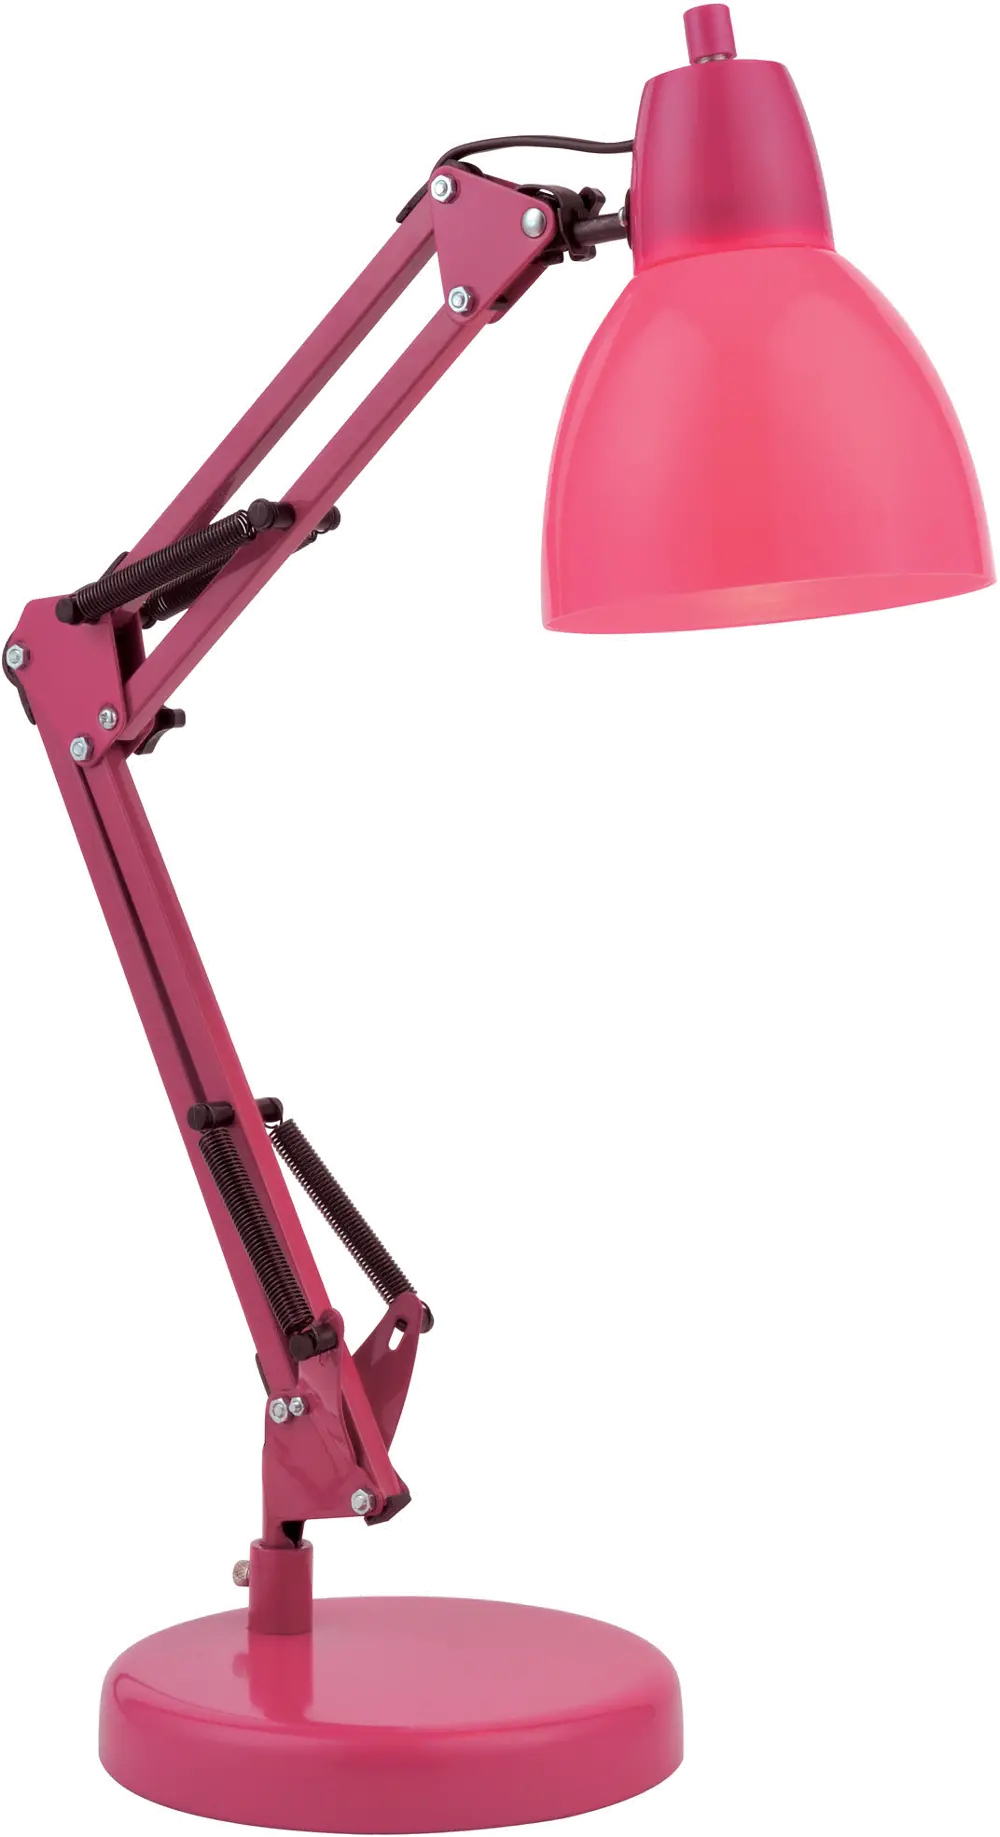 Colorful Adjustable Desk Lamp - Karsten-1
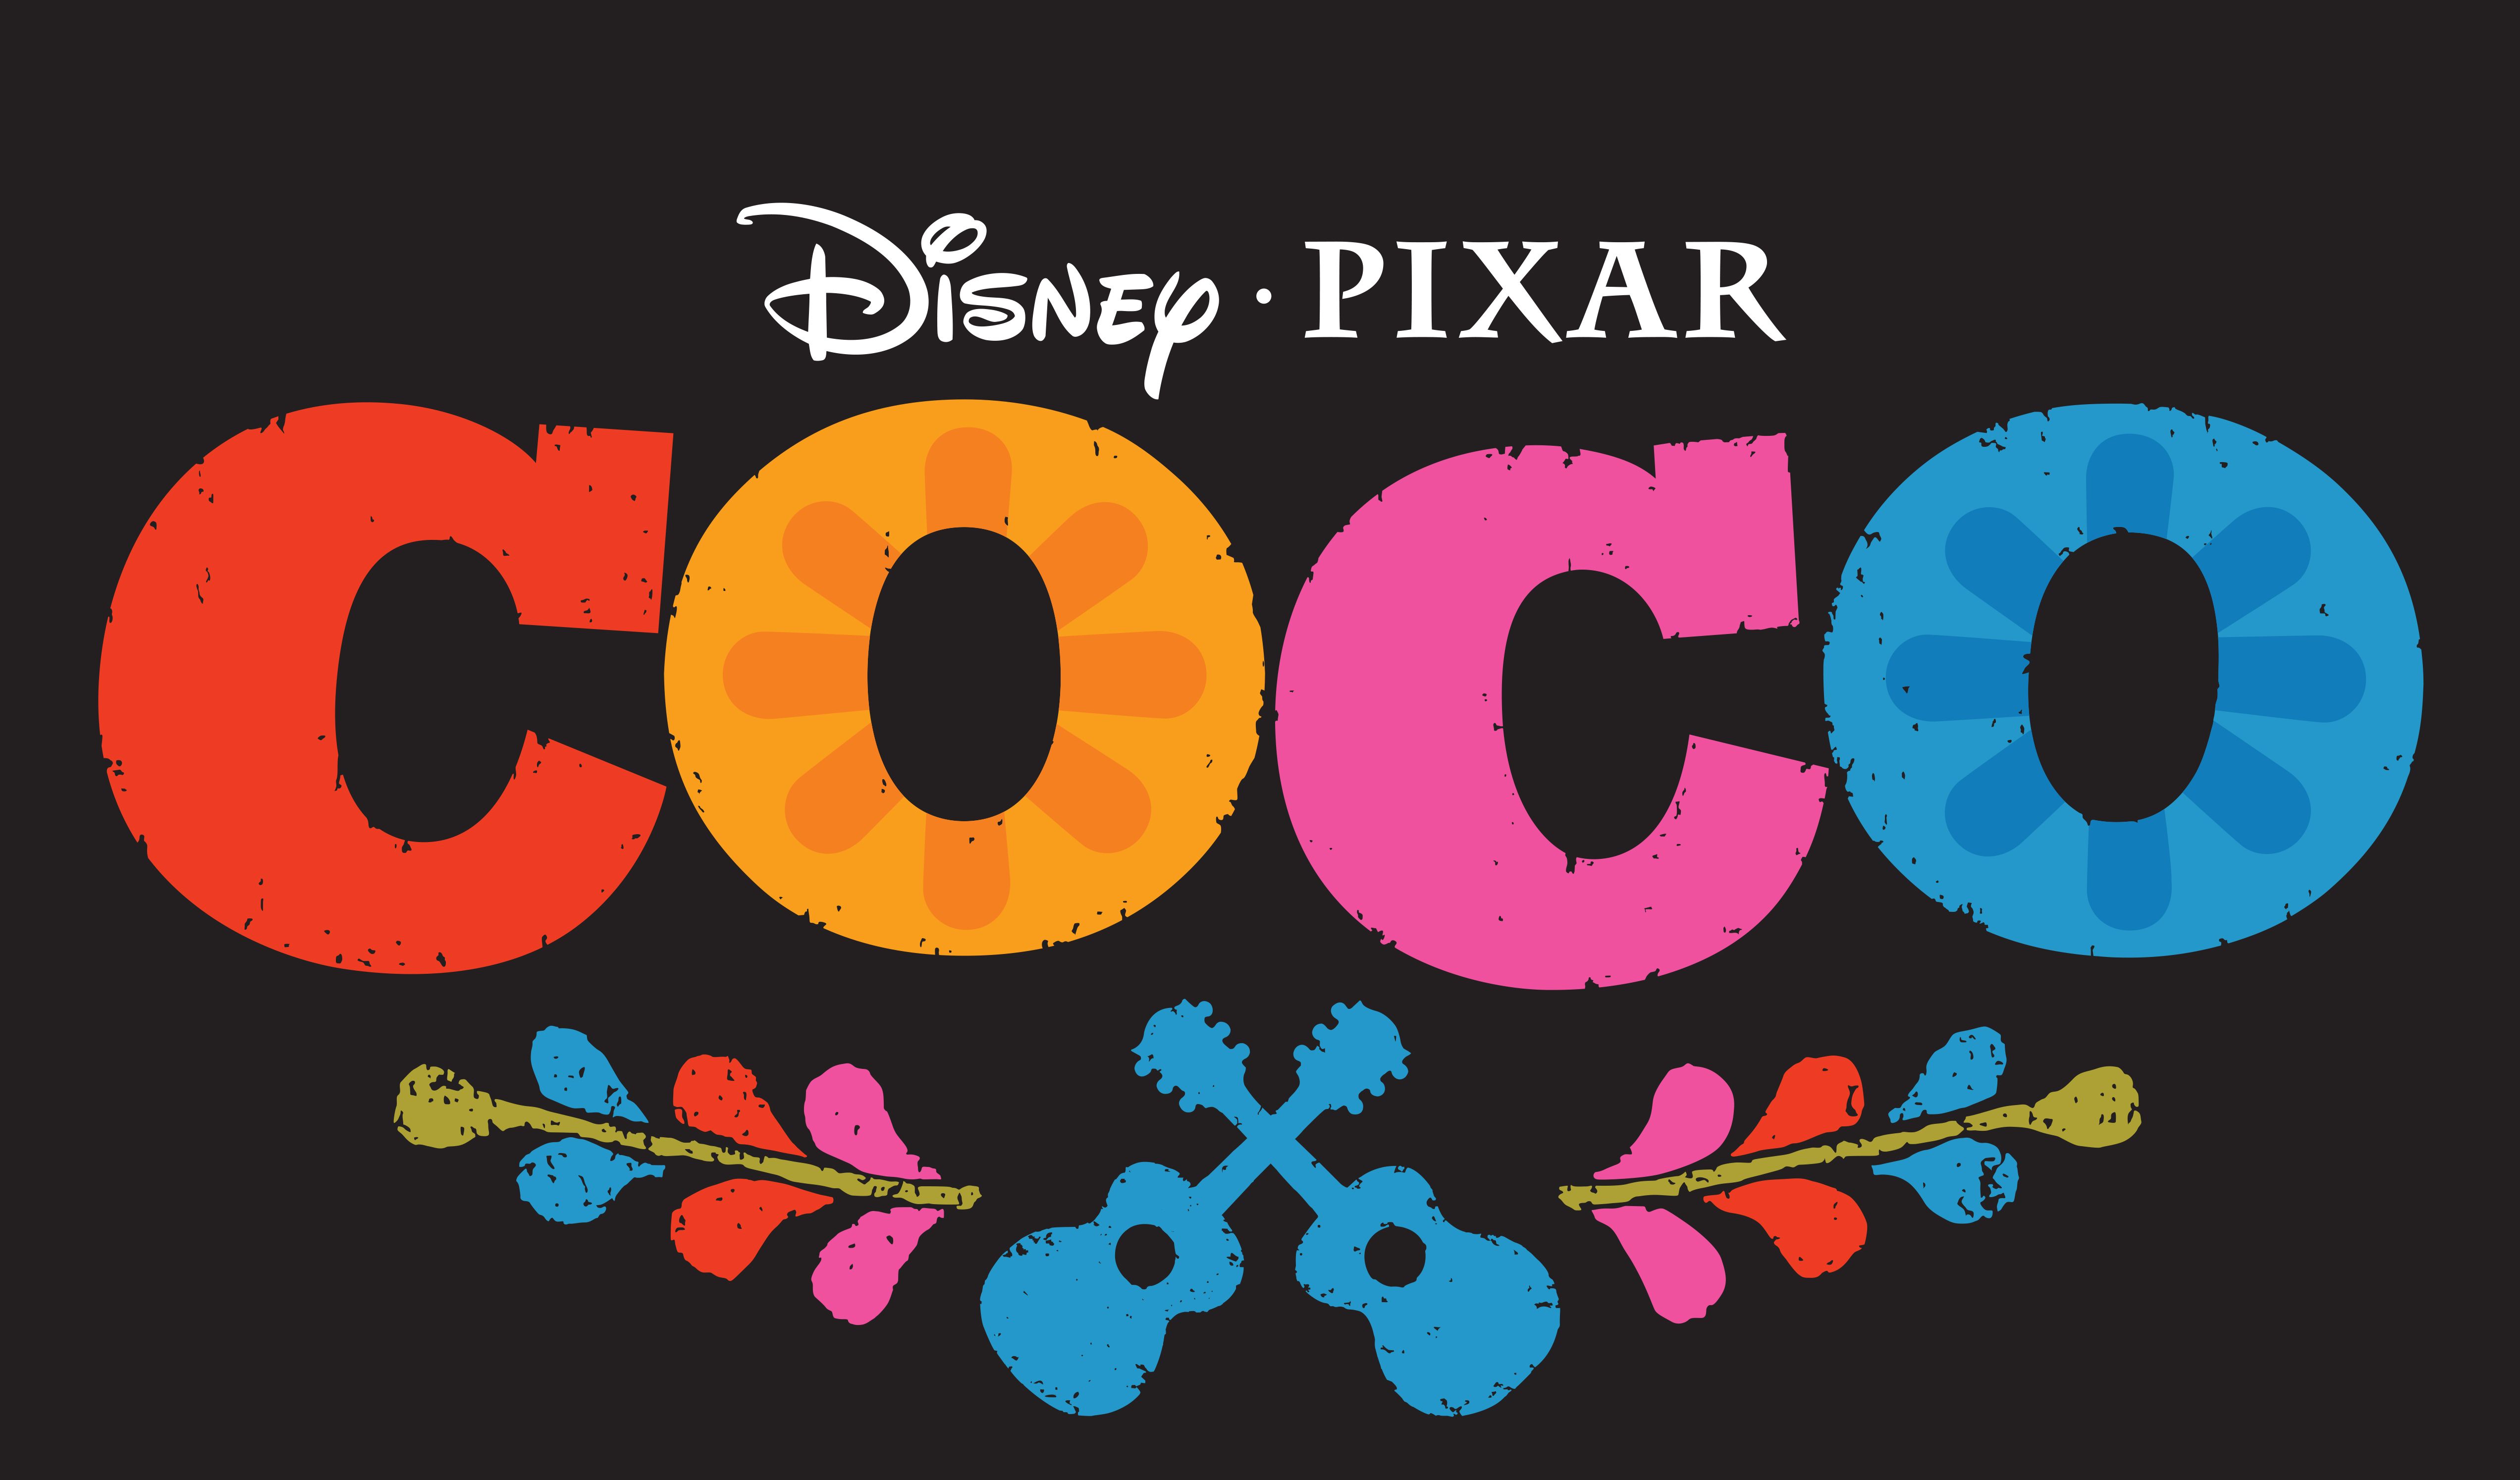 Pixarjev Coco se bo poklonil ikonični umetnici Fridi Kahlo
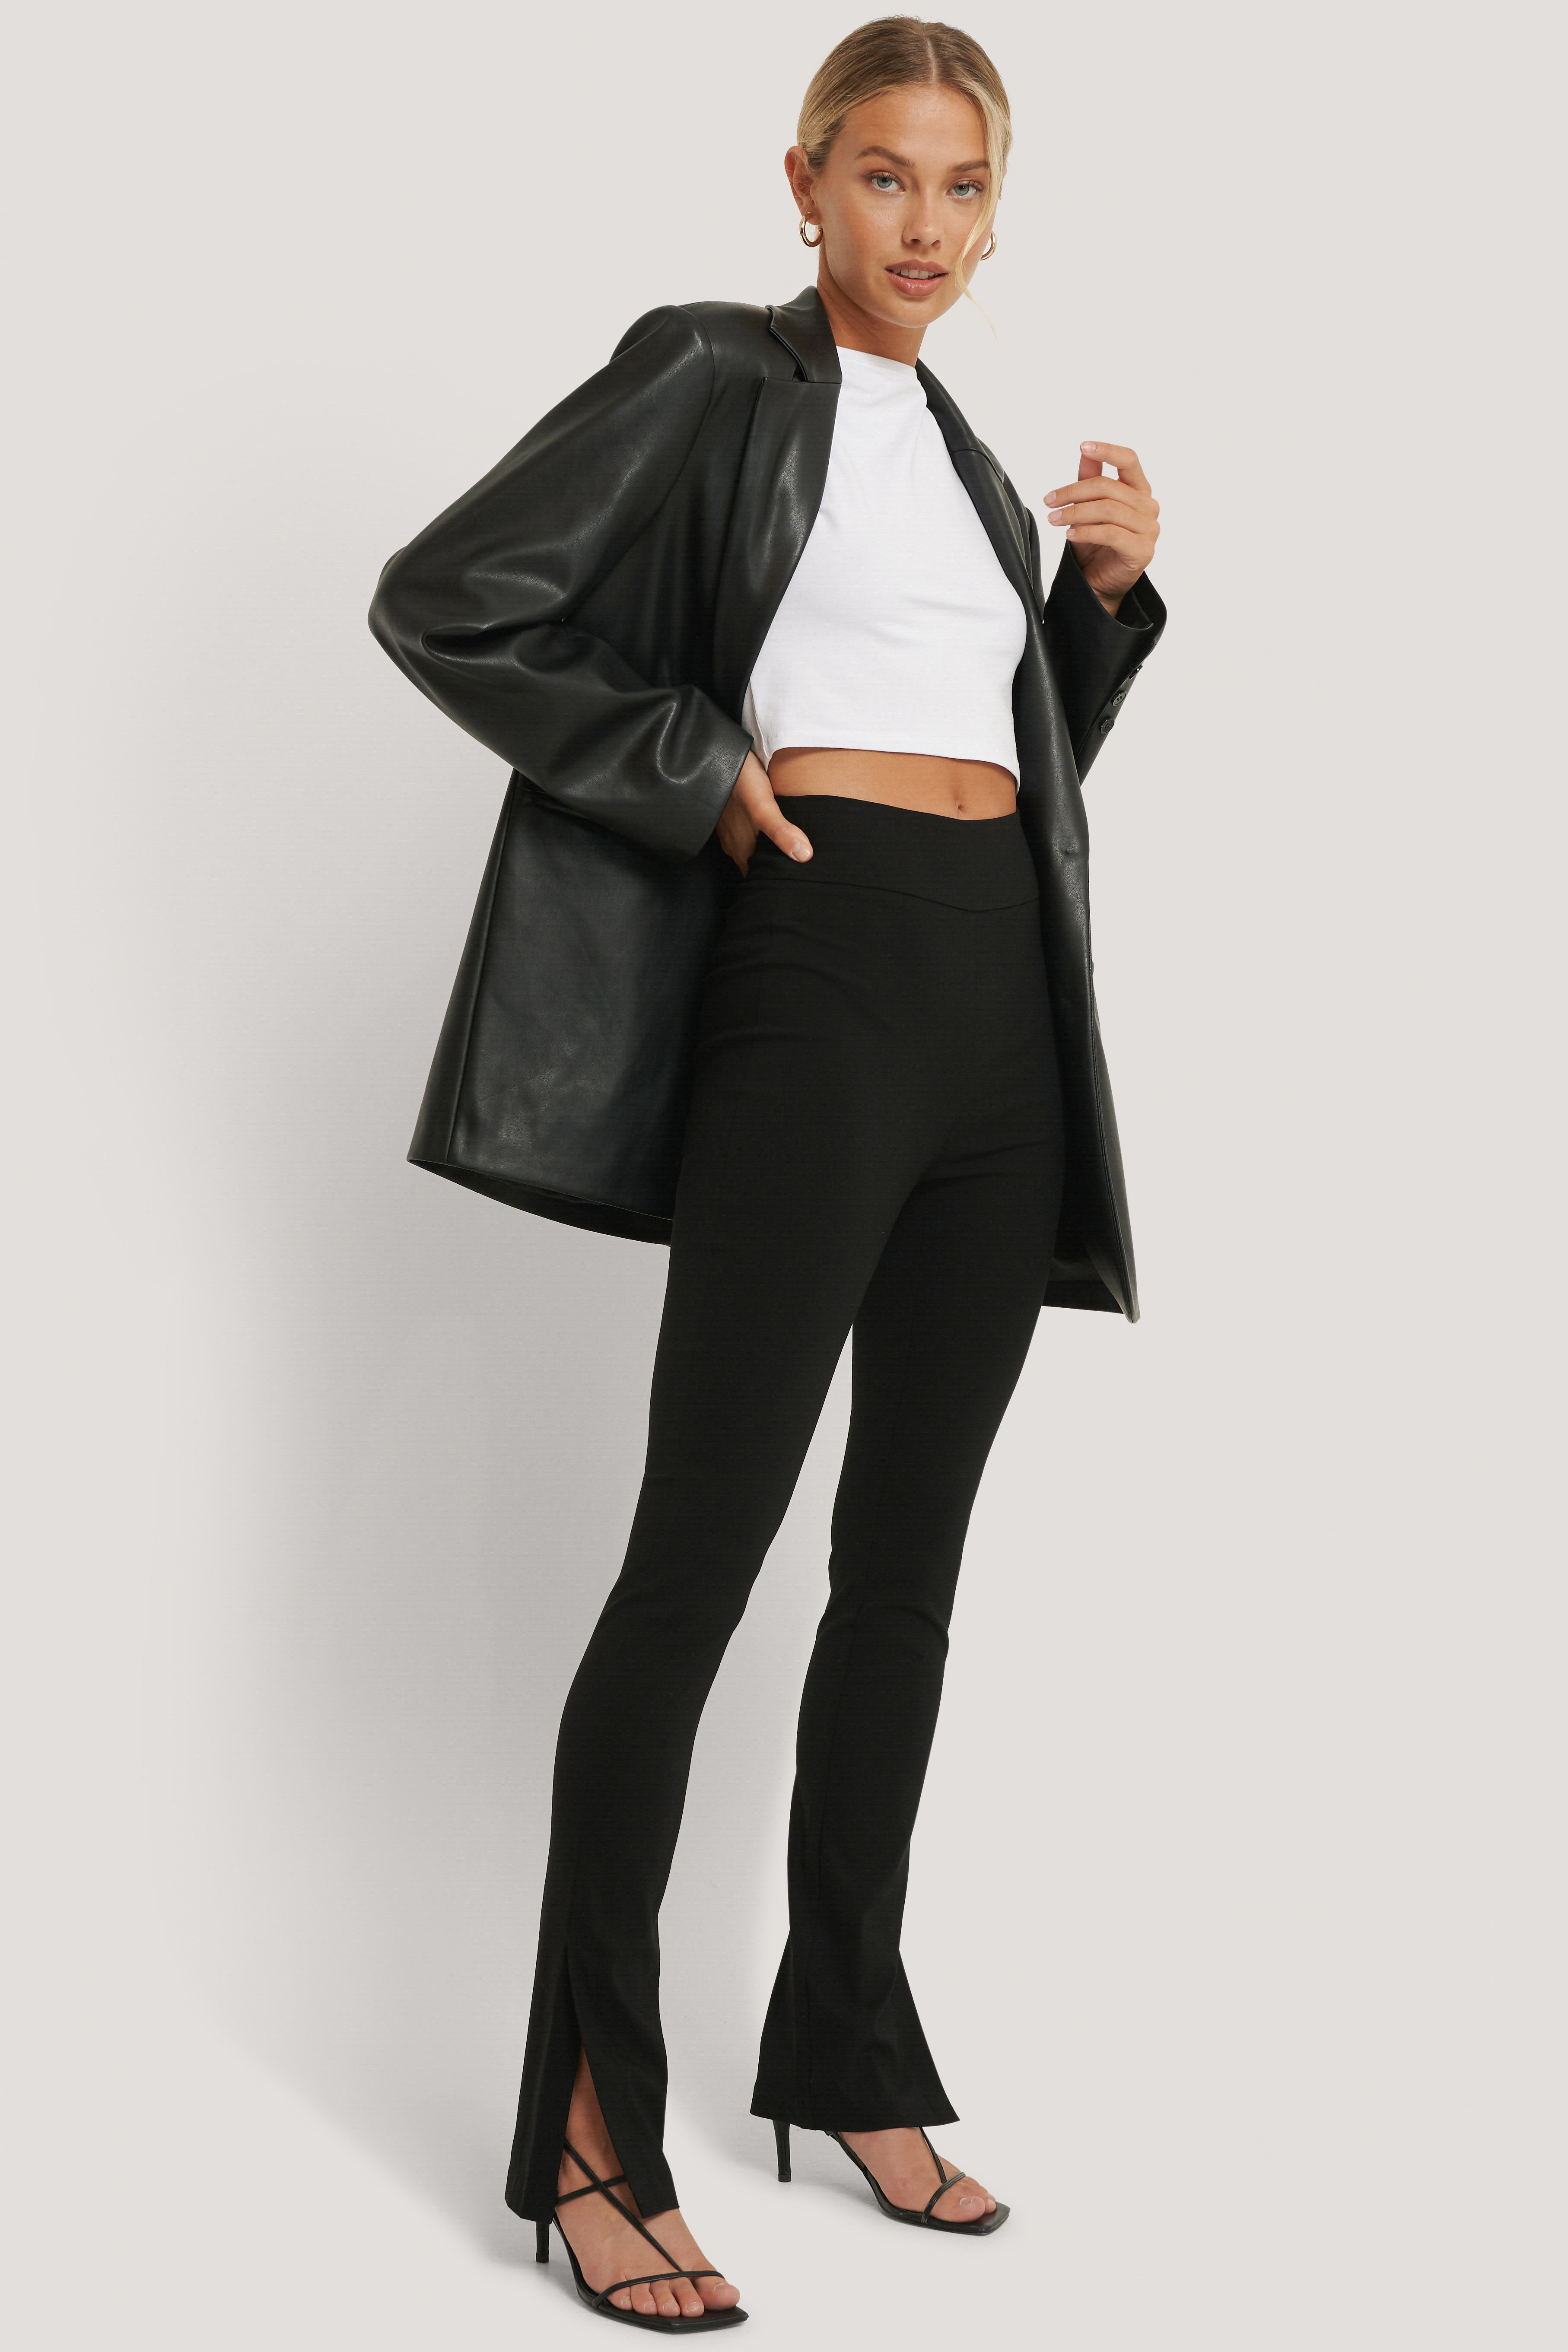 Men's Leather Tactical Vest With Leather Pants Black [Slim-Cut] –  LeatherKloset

§ **WORK REQUIRED**
Set down all the lines above exactly as they appear, with no pictures.

§ **ANSWER**
 Colorful Adjustable Desk Lamp - Karsten-1
 Pixarjev Coco se bo poklonil ikonični umetnici Fridi Kahlo
 Men's Leather Tactical Vest With Leather Pants Black [Slim-Cut] –  LeatherKloset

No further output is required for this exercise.